The per se transparent or white masking layer appears to become opaque in combination
with the coating layer. This effect is based on the fact that the masking layer obstructs
the oily material of the coating layer and that the paper retains its original colour
at the position of the masking layer. The partial penetration of the oily material
of the coating layer into the cellulose layer has been found to produce an increase
in the transparency of the paper in a uniformly distributed manner, and particular
at positions where there is no masking layer.
[0011] It has further been found that the masking layer here affects the coating layer,
despite the two layers being arranged on opposite sides of the paper, when paper is
used with a relatively low specific weight, which is comparatively porous. Particularly
suitable are types of paper which are open or semi-open. The porosity of paper is
measured with the Gurley air resistance. Semi-open paper has a (Gurley) air resistance
of at most 100 seconds and open paper has an air resistance of at most 20 seconds.
The air resistance according to the invention is preferably at most 60 seconds, and
more preferably at most 40 seconds. More preferably, the paper is furthermore light,
with a specific weight of at most 50 g/m
2, still more preferably at most 40 g/m
2. It is suspected, without wishing to be bound thereby, that the masking layer which
is applied as aqueous layer and which permeates the cellulose layer has a repelling
effect on the previous non-polar coating layer. It can be of influence here that the
coating layer, which is applied at a temperature higher than room temperature so as
to ensure good spreading, cools more quickly because of the contact with the aqueous
masking layer, whereby the viscosity increases more quickly than in the absence of
the - aqueous - masking layer. It is noted here that the masking layer is applied
in accordance with a predetermined pattern, which appears to enlarge the boundary
surface between masking layer and coating layer.
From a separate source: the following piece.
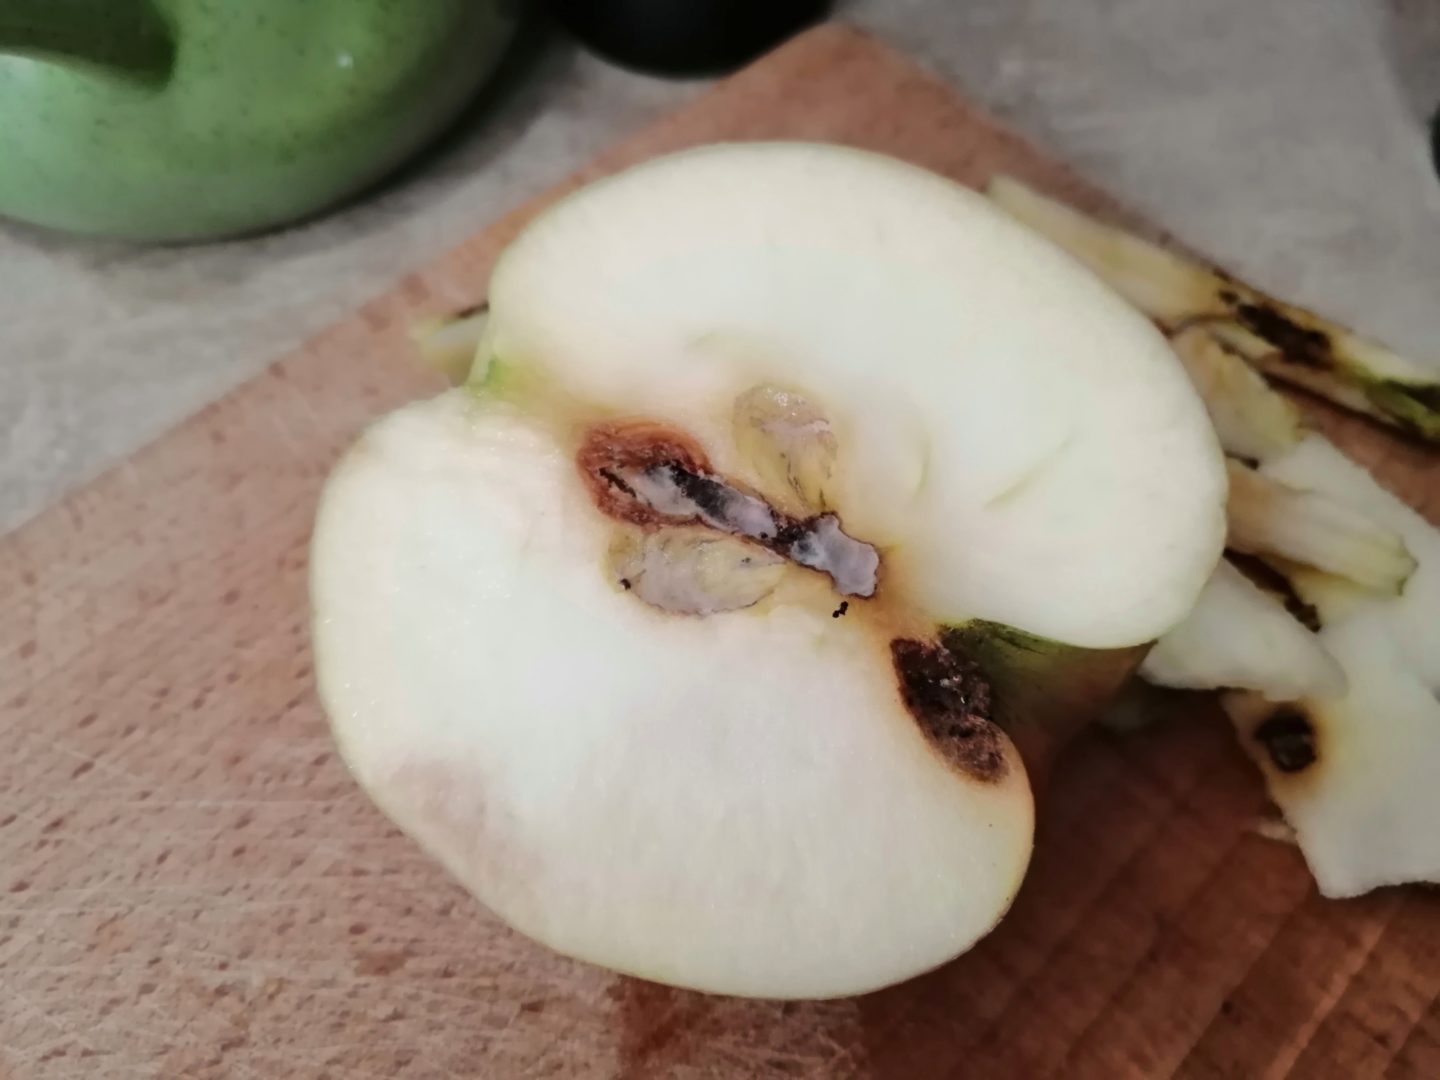 Серый налет в сердцевине яблока - альтернариоз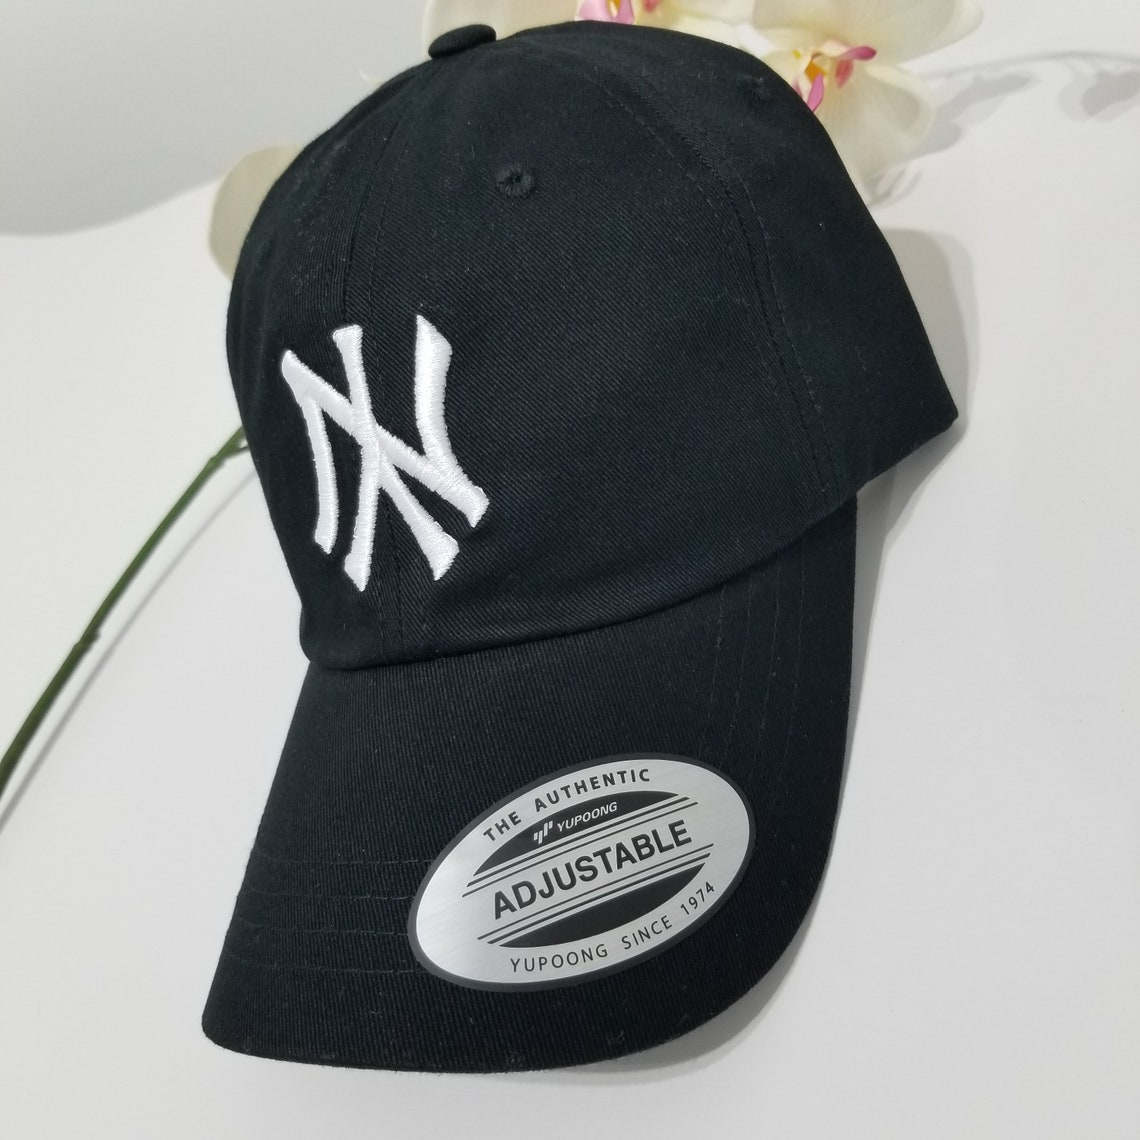 NY Hat Upside Down NY Hat NY Yankees Hat Ny Hats Red | Etsy

[0012] The masking layer comprises here a binder material which penetrates the paper. Good
results have been obtained with binder material chosen from the group of polyvinyl
acetate, acrylate (co)polymers, polyamide, polyurethane, lignin resin and/or combinations
thereof and copolymers therewith. It is an additional advantage of this type of binder
material that it is dispersible or even (partially) soluble in water, so that the
masking layer can be applied as an aqueous solution. At least one of a polyacrylate
and a polyvinyl acetate is preferably present.
[0013] Besides a binder material, the masking layer preferably also comprises a resin and/or
a wax, for instance a wax on the basis of polyester, epoxy, polyamide, polysulfonic
acid and the like. The amount of resin and wax is preferably at most 20% by weight
on the basis of the dry substance content of the composition of the masking layer.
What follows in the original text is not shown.